The Dow Jones Technical Analysis - A Specialist in Technical Analysis

For May, 07 2015

(Individual Chart Analysis)

This is a no-frills analysis.  It is not designed to look good, it is designed to be effective. 


Summary of the Technical Analysis for the DOW

(This takes into account the near term, mid term, and longer term charts)

Our combined analysis for Thursday tells us to expect the market to begin the day with a bias to increase and it tells us that the markets have the ability to increase rather aggressively.  The near-term and midterm chart patterns open the door for retracements towards recent highs, predicated on the market holding recent lows and also confirming upside by breaking above intra channel resistance lines as those are defined in both the near-term and midterm chart patterns.  Most markets have recently begun to do exactly that, and that is where some of the positive attributes from our near-term and midterm chart patterns come from.  However, our longer-term chart patterns are now bearish.  The catch is that our longer-term chart patterns are predicated on candles that are still developing, and Friday will need to come to an end before we can say for sure whether or not our longer-term chart patterns are bearish or not.  If the markets increase back to recent highs, or at least back towards recent highs, the bearish candles that we have now in our longer term charts could be reversed because the market could come back into its longer term channel before the week is over.  We cannot be sure if this will happen or not, but we do know if that breaks of longer term support are happening.  The week is not over, so those candles are not solidified, and with the read from the near-term and midterm chart patterns there is a strong probability that the market bounces back into its longer term channel, but because longer term support levels are breaking our combined analysis is immediately bearish and it will remain that way unless the market reverses back into its longer term channel again.  Our combined analysis for Thursday tells us to expect the market to begin the day with a bias to increase, it tells us that the market could increase rather aggressively, and if that happens our combined analysis will likely skew from being bearish, but right now because longer term support levels are breaking it is bearish.

Initial intraday trading parameters for the DOW exist between17735 - 17900
If 17735 breaks lower expect 16370
If17900breaks higher expect 18012
Otherwise expect17735 - 17900 to hold

If 17735 remains in tact as initial support, expect the market to increase to 17900. This reflects a tight near term down channel.

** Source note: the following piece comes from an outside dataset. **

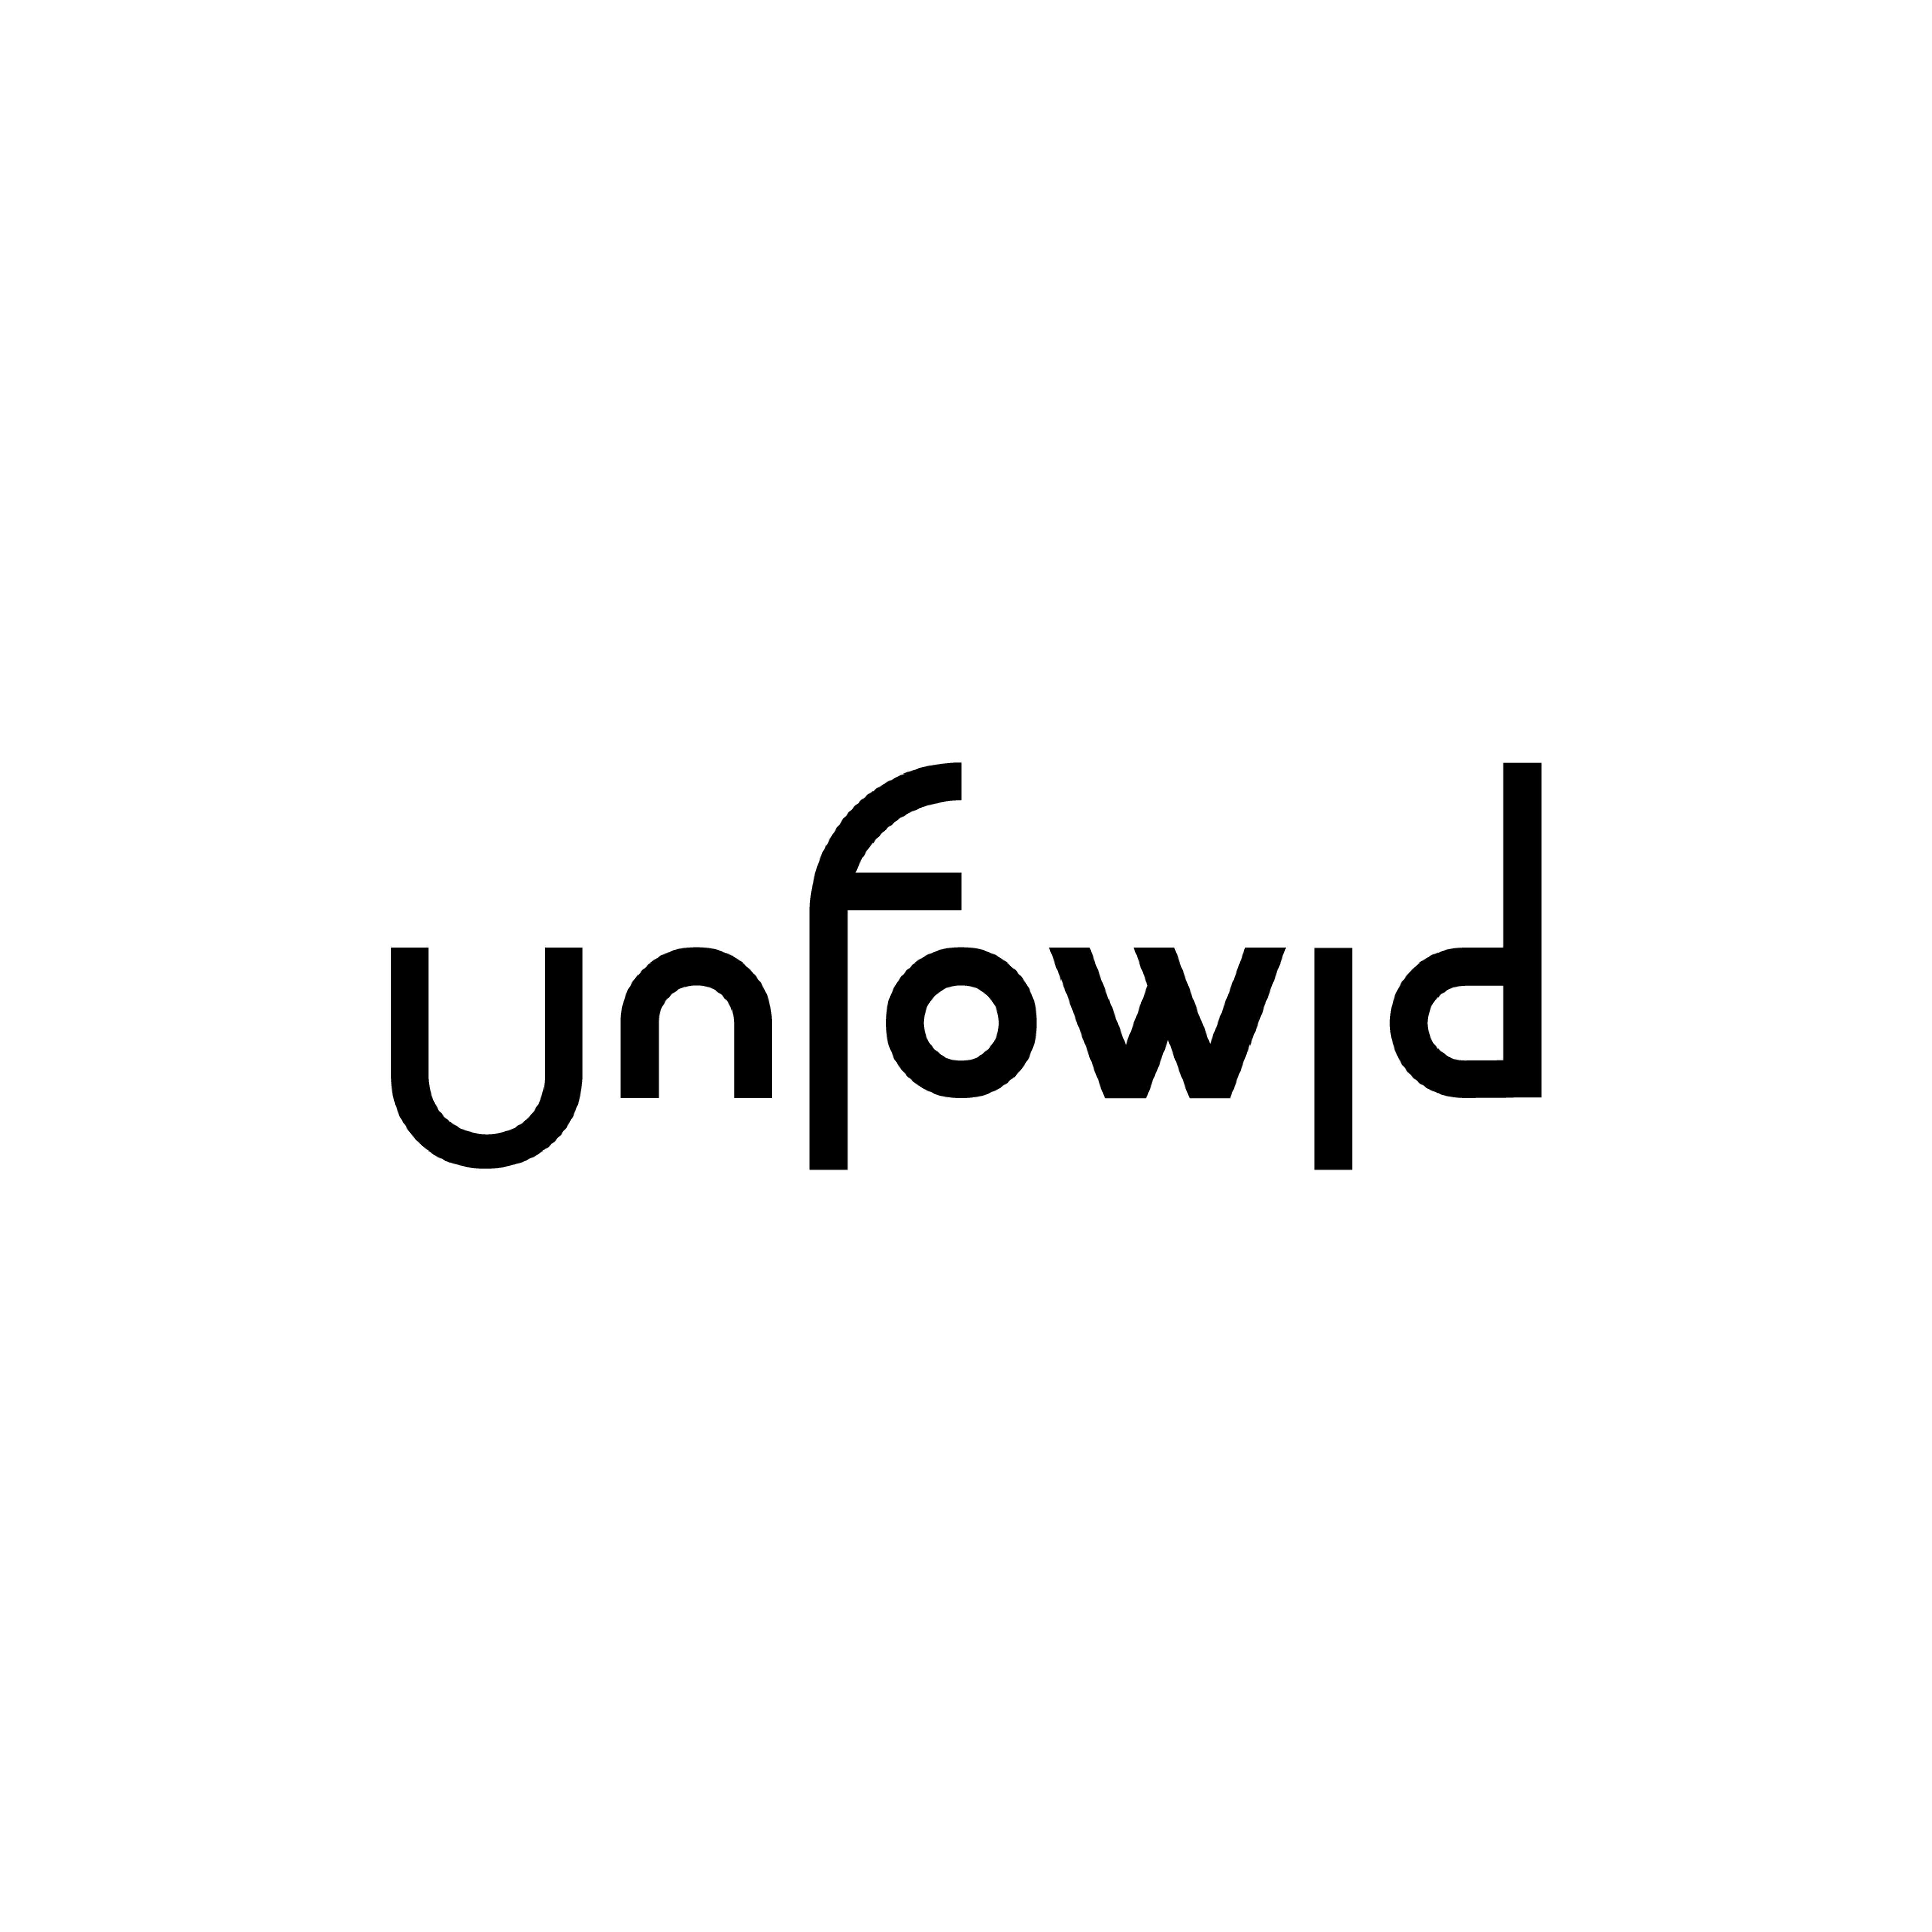 Unfowldのロゴ写真

However, and in line with our combined analysis, if 17735 breaks lower instead expect the market to decline to 16370 before it stabilizes again.


NEAR Term Analysis

Our combined near-term analysis tells us to expect the market to begin the day with a bias to increase and it tells us to expect tests of resistance in the Russell 2000, Dow Jones industrial average, and S&P 500, but the NASDAQ has begun to break above resistance already and is poised to accelerate more aggressively.  Treat resistance in the other markets as inflection and consider the market's ability or inability to hold resistance to be a guiding hand in market direction accordingly.  If resistance levels remain intact expect declines back to recent lows, but if the first levels of near-term resistance break higher we should be prepared for momentum market increases.

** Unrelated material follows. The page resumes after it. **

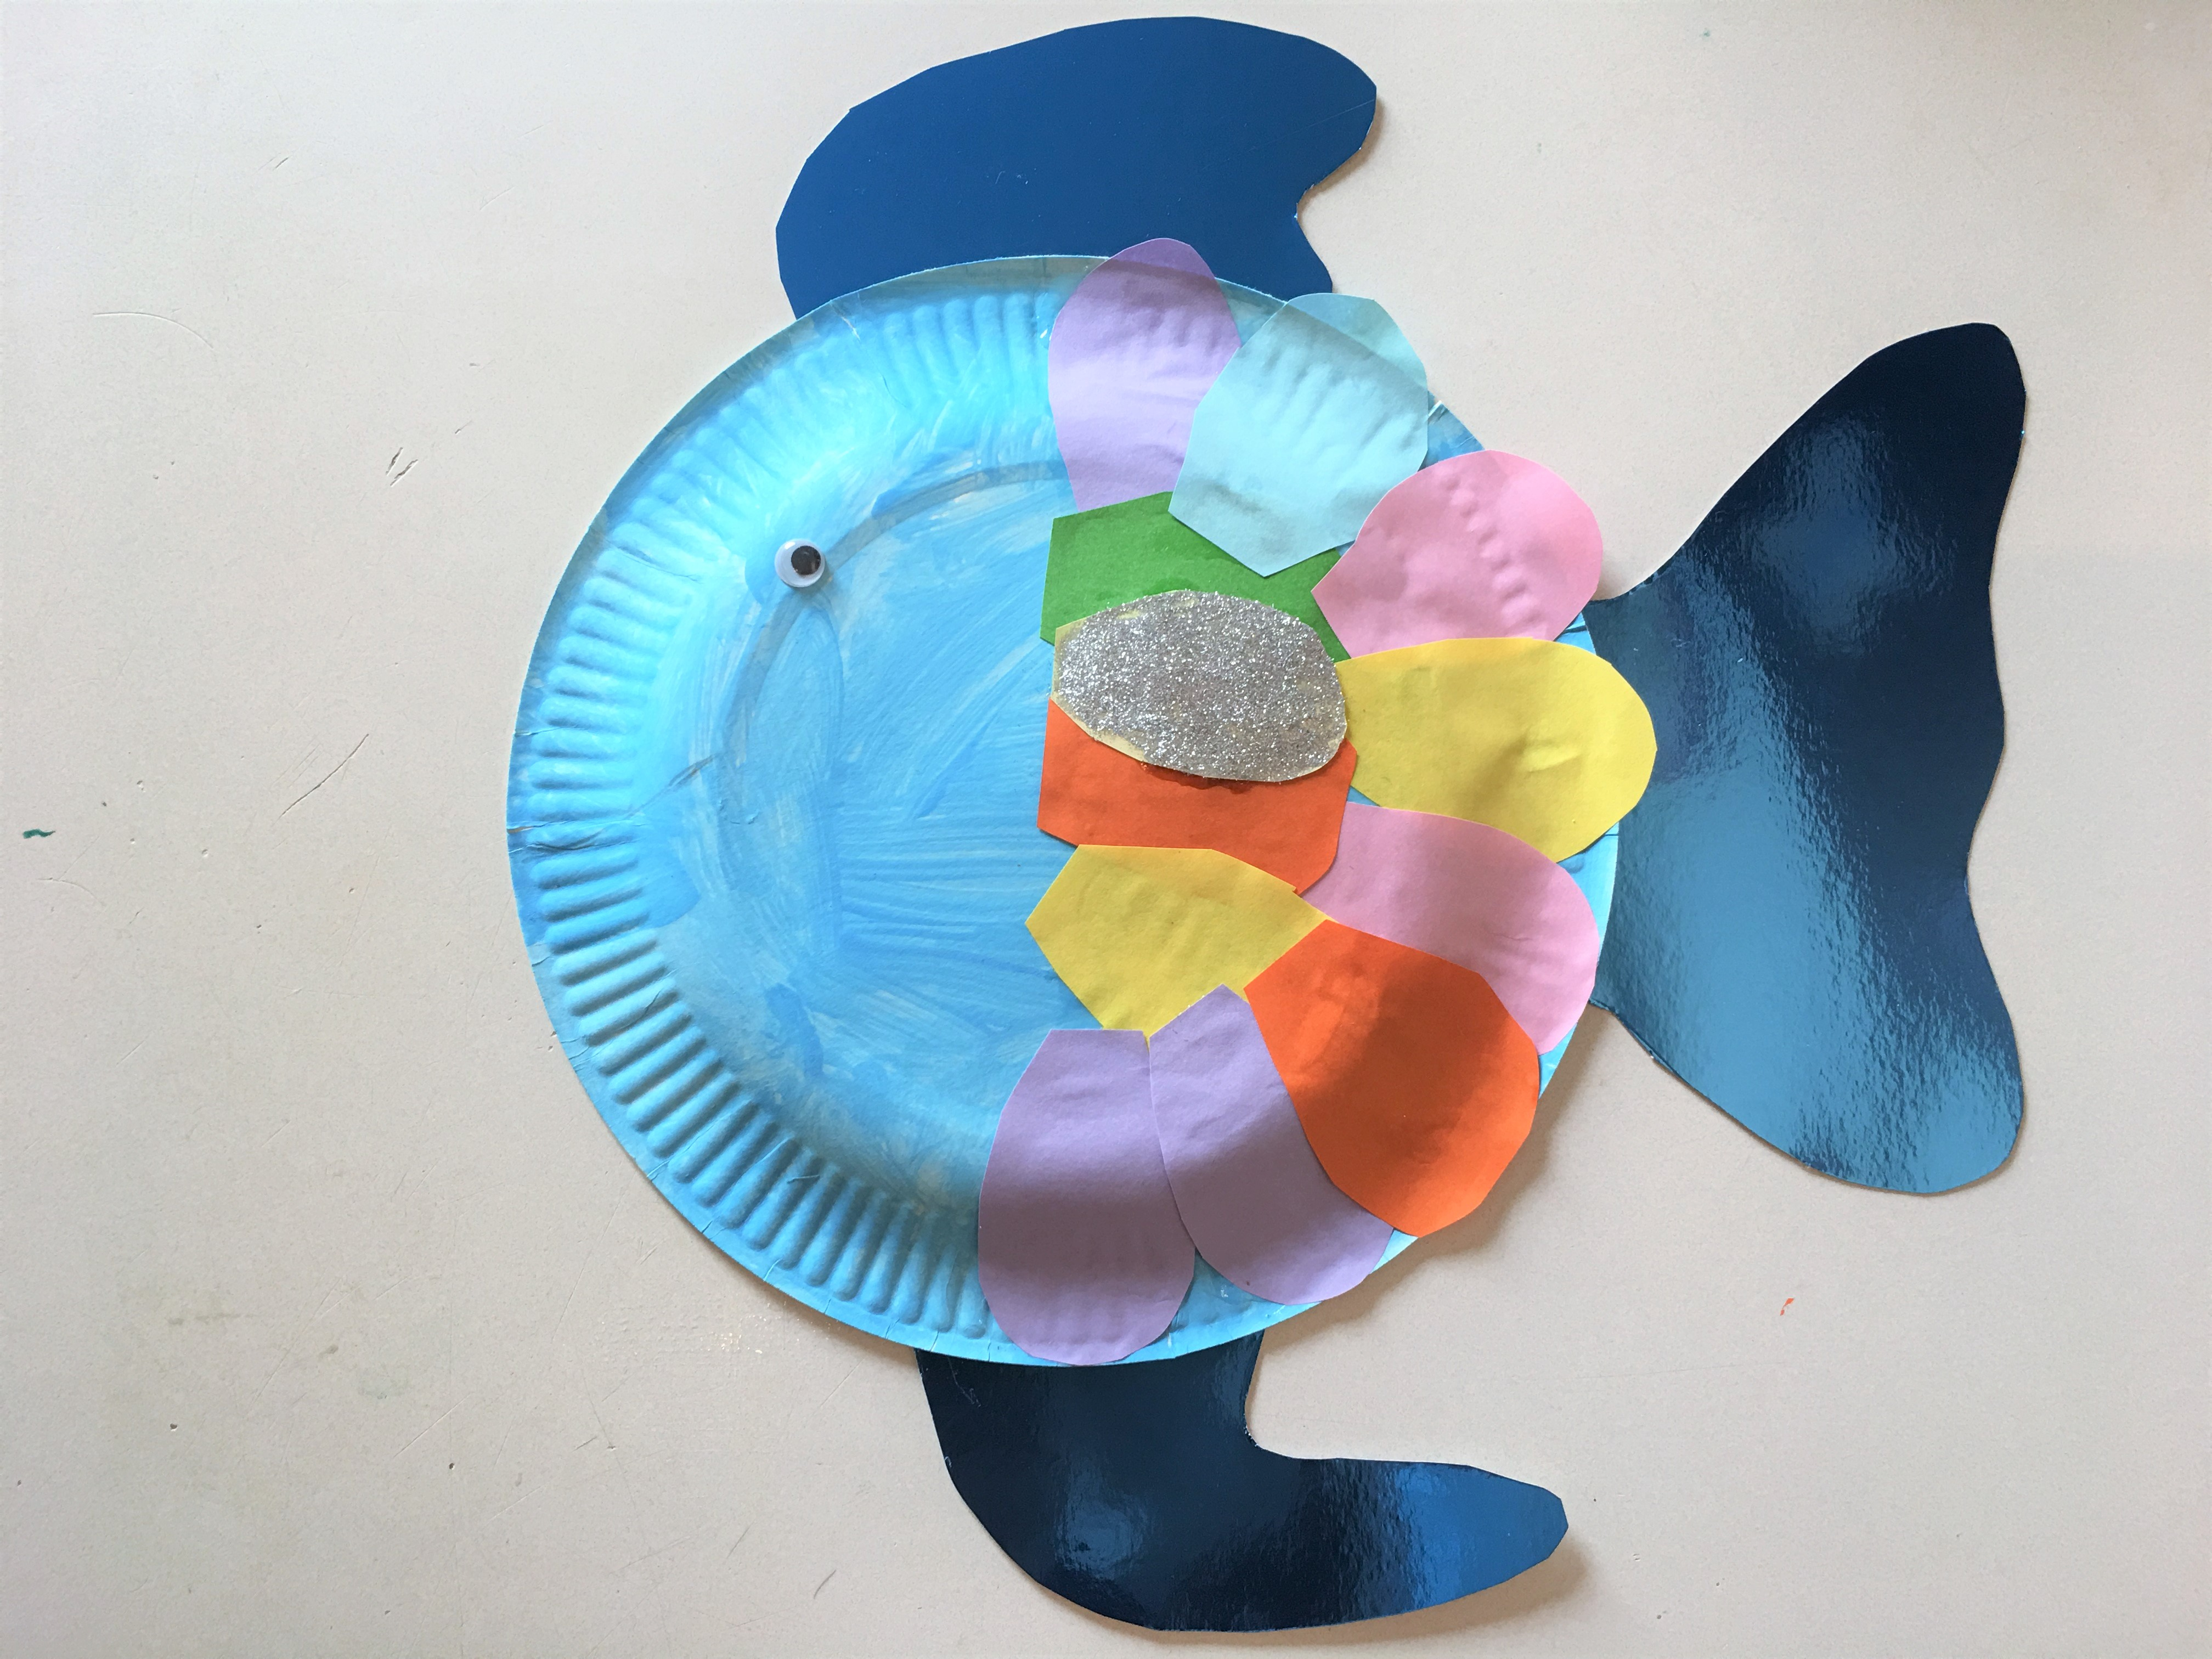 dae20470a7f462 Regenbogenfisch aus Pappteller mit Kindern basteln

NEAR Term Support for the DOW exists at 17725

NEAR Term Resistance for the DOW exists at 17925

Dow_5_day


MID Term Analysis

Our combined midterm analysis is a mixed bag, but it has its share of bright spots.  To begin, the Dow Jones industrial average tested its lows from April 17 perfectly and thus far it has begun to increase from those levels.  This tells us that the market could increase back towards the highest resistance lines again.  In addition, the NASDAQ, which is in a downward sloping midterm channel now, is breaking above a neutral intra channel confirmation level which signals that higher levels are likely there so long as it remains above this level too.  The same reversal is also happening in the S&P 500, although it broke below its April 17 low for a short period on Wednesday.  The only market not yet showing a positive sign is the Russell 2000, but it closed right on a downward sloping resistance level and if it breaks above that level it also will have a positive midterm chart pattern, suggesting higher levels along with the other markets.

MID Term Support for the DOW exists at 17746

MID Term Resistance for the DOW exists at 17908

Dow_30_day


LONG Term Analysis

Our combined longer-term analysis tells us that the markets have all begun to break longer-term upward sloping support lines and if the markets ended the week at these levels it would be very bearish.  The weekly candles have not finished developing, there is still a possibility that the markets recover back into their channels, but as it stands now longer-term upward sloping support is breaking and that is a bearish indicator.  If longer term support remains broken our combined longer-term analysis will tell us to expect material declines back to October lows.  In the S&P 500, for example, the low in October was below 1900, so if a decline like that happens from current levels it would be almost 200 S&P points.  Our combined longer-term analysis is currently bearish and suggesting that declines like that can happen unless the market reverses back into its longer term pattern immediately.  It would need to do this before Friday's session comes to a close; otherwise our combined longer-term analysis will be bearish and point to dramatically lower levels before neutral longer term support levels are tested.